We can be sure that when the time comes, Buhari will borrow the playbook of former dictators like his friend, Sani Abacha, and tell us that he has no choice but to contest because Nigerians have told him he is the only one the cap fits. Once he gets into the arena, he will so muddle things up that we will spend more time on the distractions of his health than the issues that matter to the future of our nation. If we are not circumspect – and we do not have a better alternative – he will win another four years. If he does, we will go through four more years of despondency, inaction and ineffectual buffoonery.

So, let no one tell us that a military coup is the only disaster coming for Nigeria. We are facing one already; we are just not treating it with the urgency it requires.

I do not intend to minimise the effects of a coup, but I do not believe a coup can succeed. How does a coup even occur today? Do the soldiers use their old blueprint or they have new strategies? The old tactics of seizing broadcast stations and repeating martial music will not work in the age of the Internet. Among the 300 plus radio stations scattered all over Nigeria, which one will best serve their purpose? Will they pour non-commissioned officers into the streets, impose a 24-hour curfew and threaten anyone who challenges them with whips and guns? How long can they sustain resistance from Nigerians who will mobilise against them through social media?

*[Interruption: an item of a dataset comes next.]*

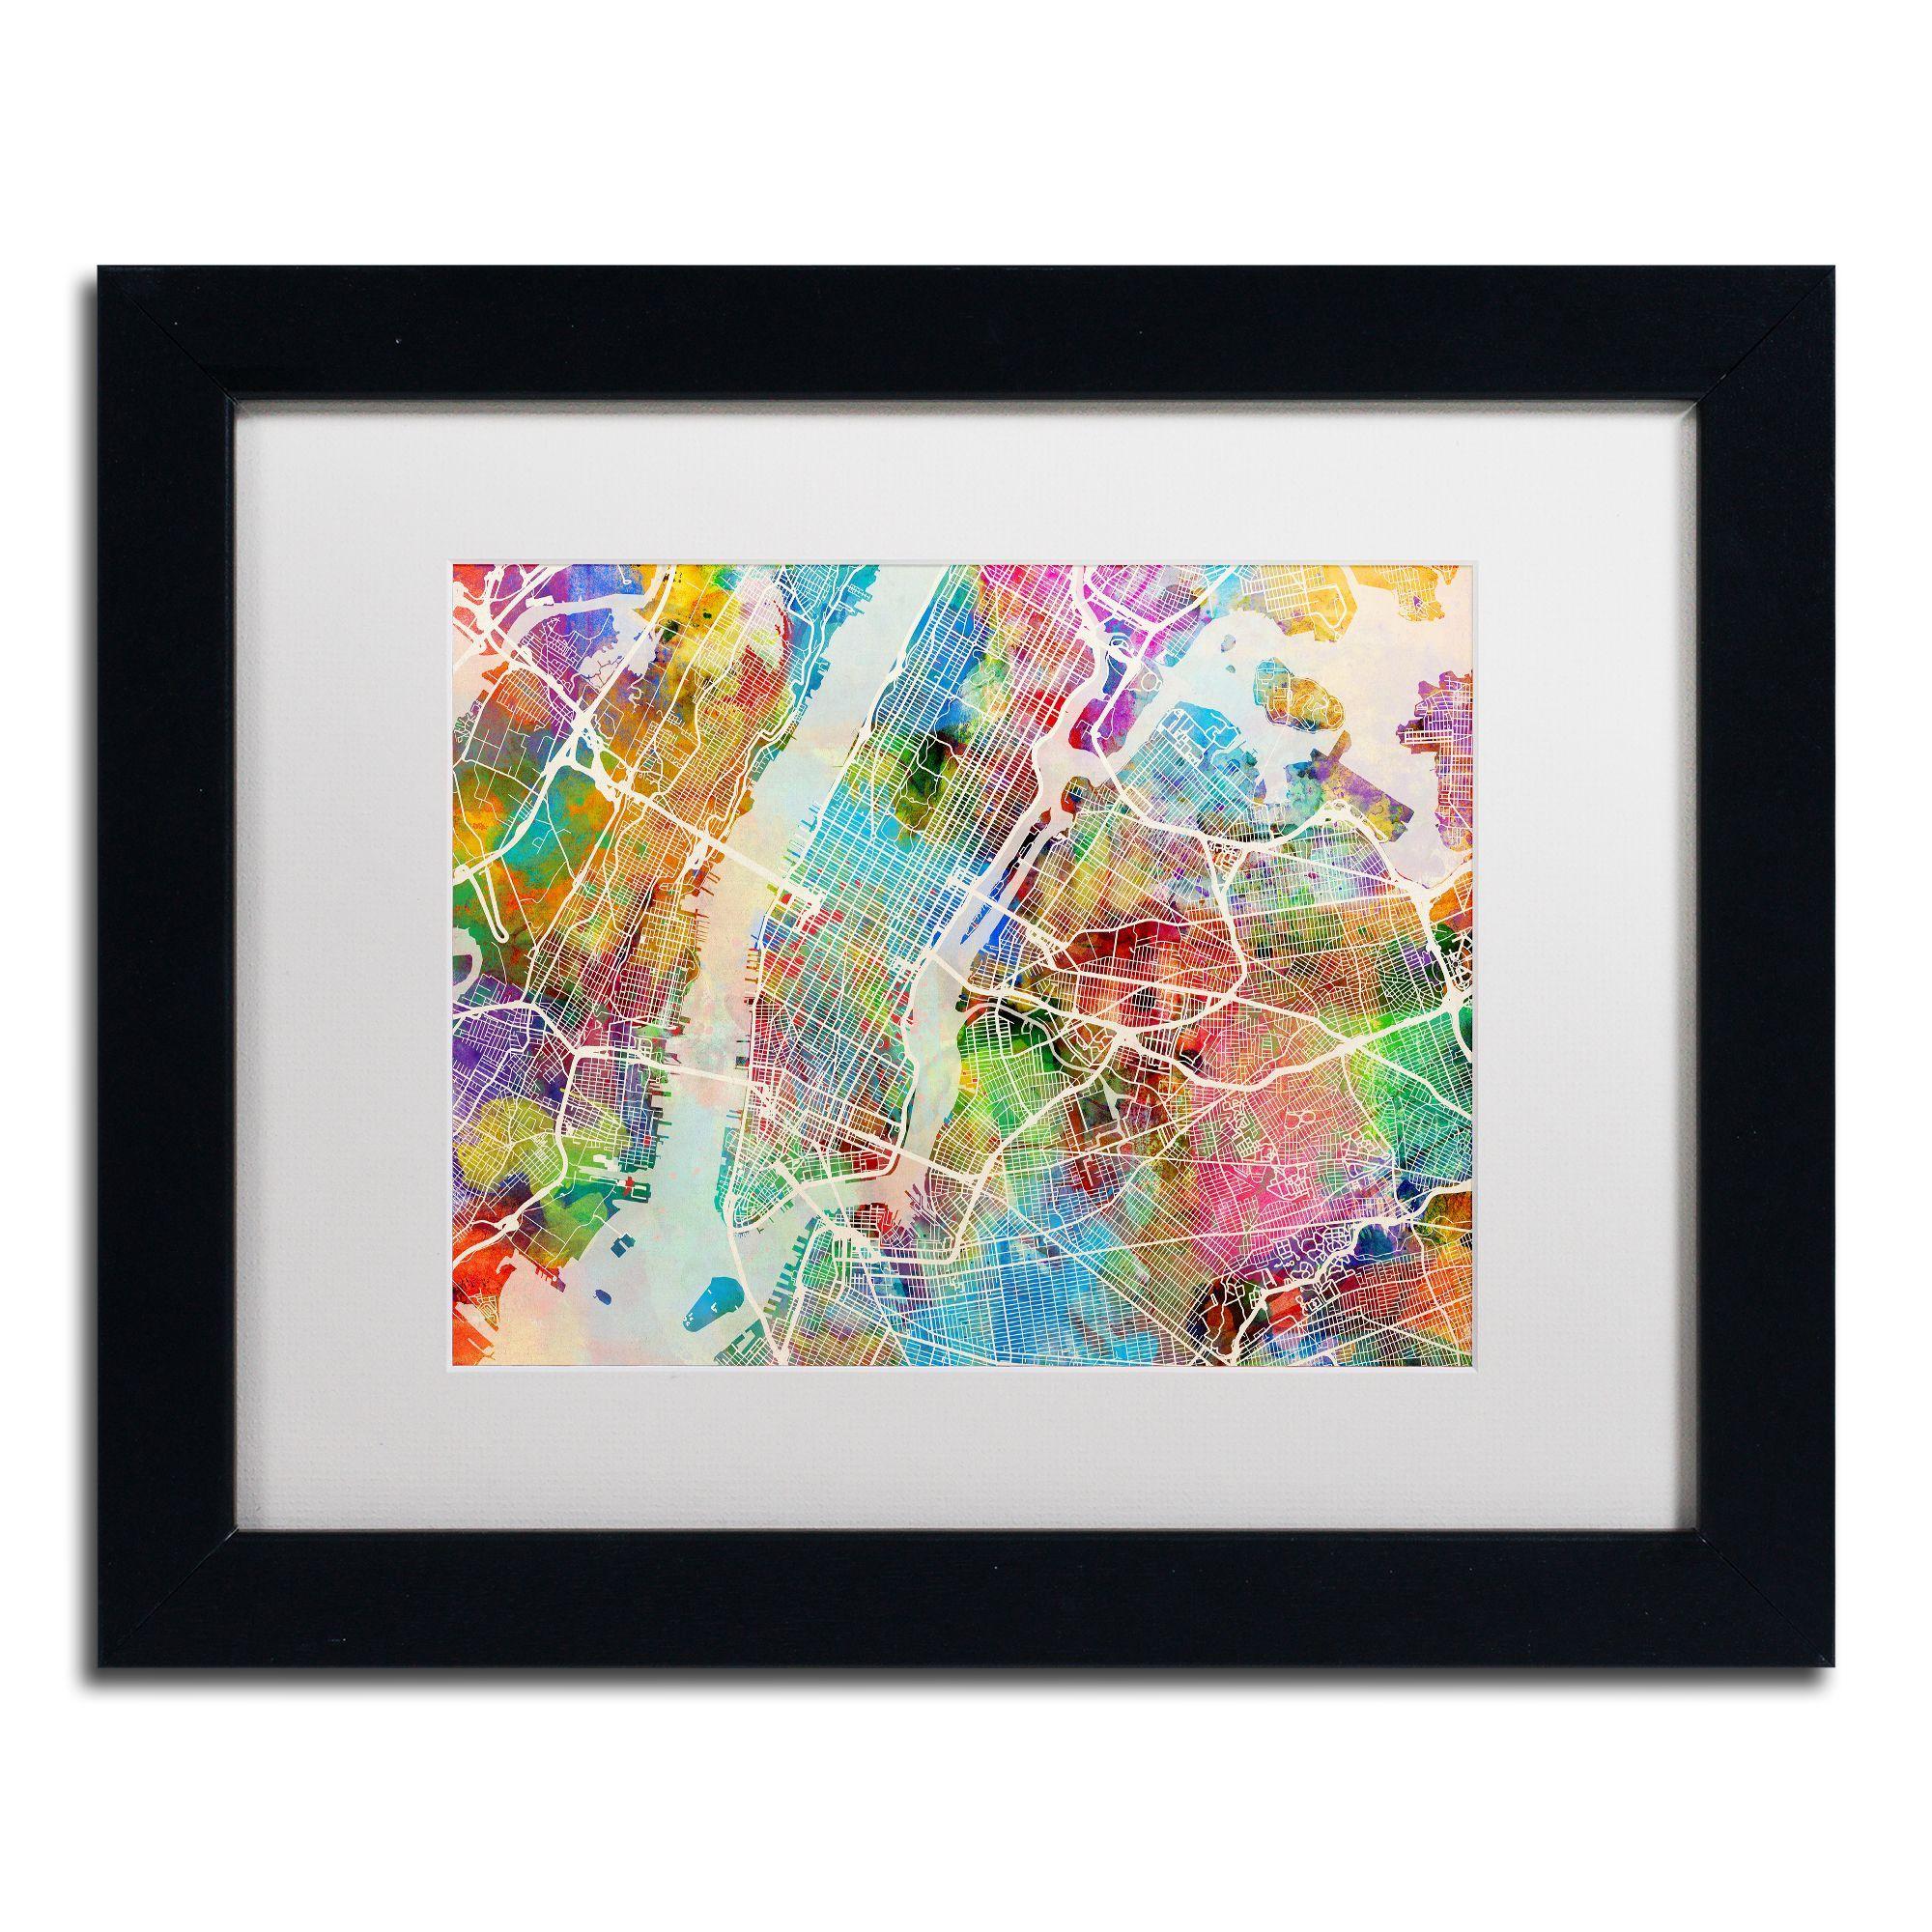 Michael tompsett unew york city street mapu white matte framed

Considering that Nigeria is fighting several internecine conflicts on multiple fronts – Boko Haram, murderous herdsmen, Niger Delta militancy, the Biafra question, and other tribal restiveness – how do the coup plotters hope to keep everyone under their jackboots while successfully administering the country? Do the military officers who can barely manage army resources (the procurement of weapons for the army has been mired in corruption scandals) have any superior intelligence to take over from governors at state levels and clear the backlog of salaries and pensions? Are they prepared for economic sanctions that will be placed on Nigerians by other countries? Do they have any idea about the complications of managing an economy in the 21st century?

How can the military, worn and demystified from fighting Boko Haram – a band of untrained and fatalistic maniacs –face millions of Nigerians who will challenge them if they ever dare to topple our democracy? The Chief of Army Staff, Tukur Buratai, should not have exposed the army to needless ridicule by publicly sharing unfounded rumours and speculations. The army should have investigated the matter privately unless, of course, Buratai was testing public reactions.

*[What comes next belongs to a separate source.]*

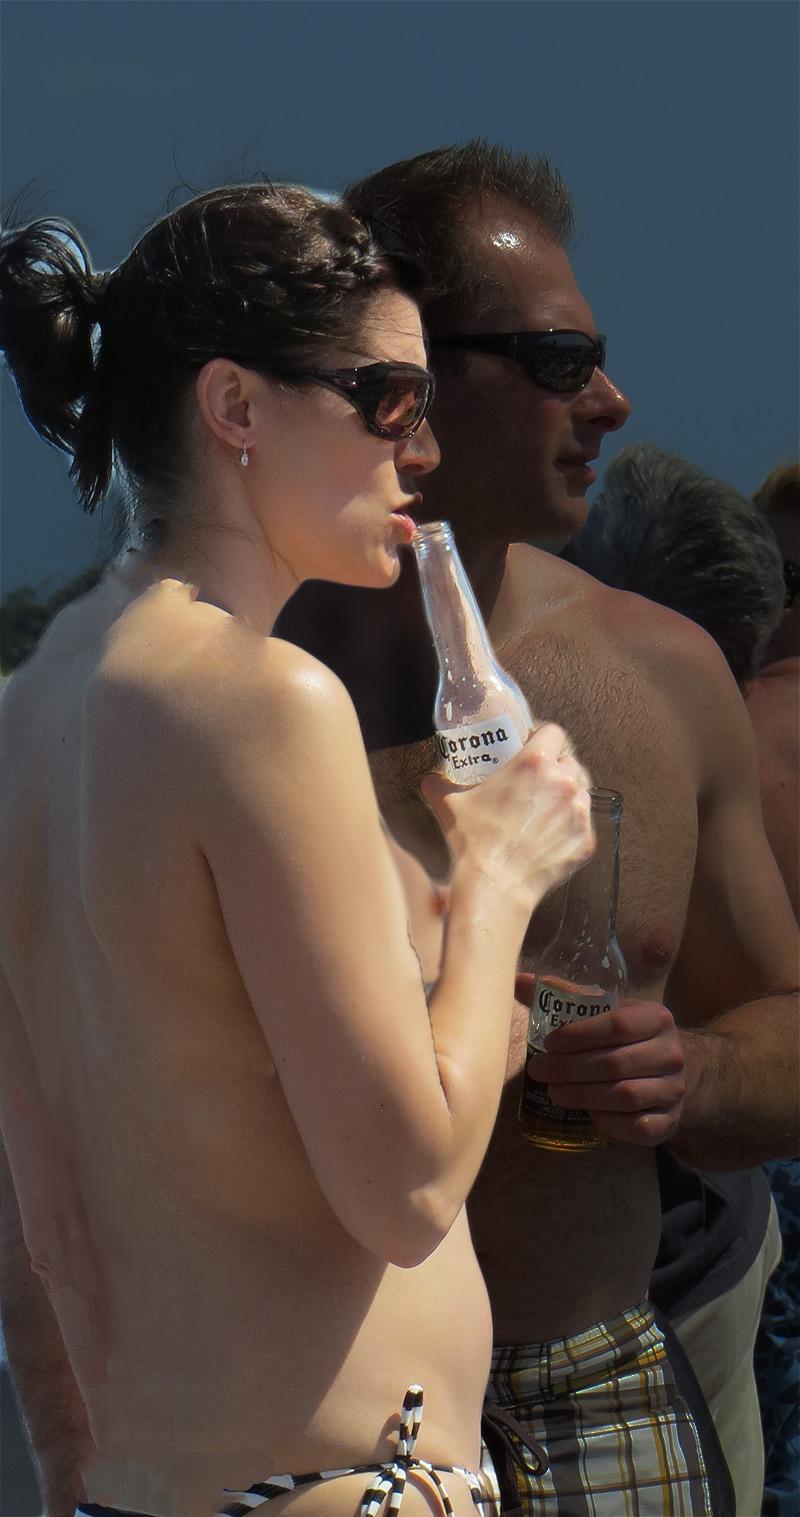 Topless Cruise Couple | Swingers Blog - Swinger Blog

Whatever the coup plotters have in mind, I hope they and their civilian collaborators realise that present day Nigeria is not the same as it was from the mid-1960s to the early-1990s when they carried out coups and counter-coups. The world has changed and military dictatorship is long out of vogue. Nigerians will not joyfully welcome them as they did in the 1980s when they ousted directionless governments. The logistics of contemporary societies do not simply sustain the kind of infrastructure that the military needs to survive. Nigerians will revolt, there will be a wave of religious and ethnic tensions and eventually, the spate of actions might balkanise the country. The army should drown all thoughts of a coup and concentrate on their duty to preserve the Nigerian union by staying where they belong – in the barracks.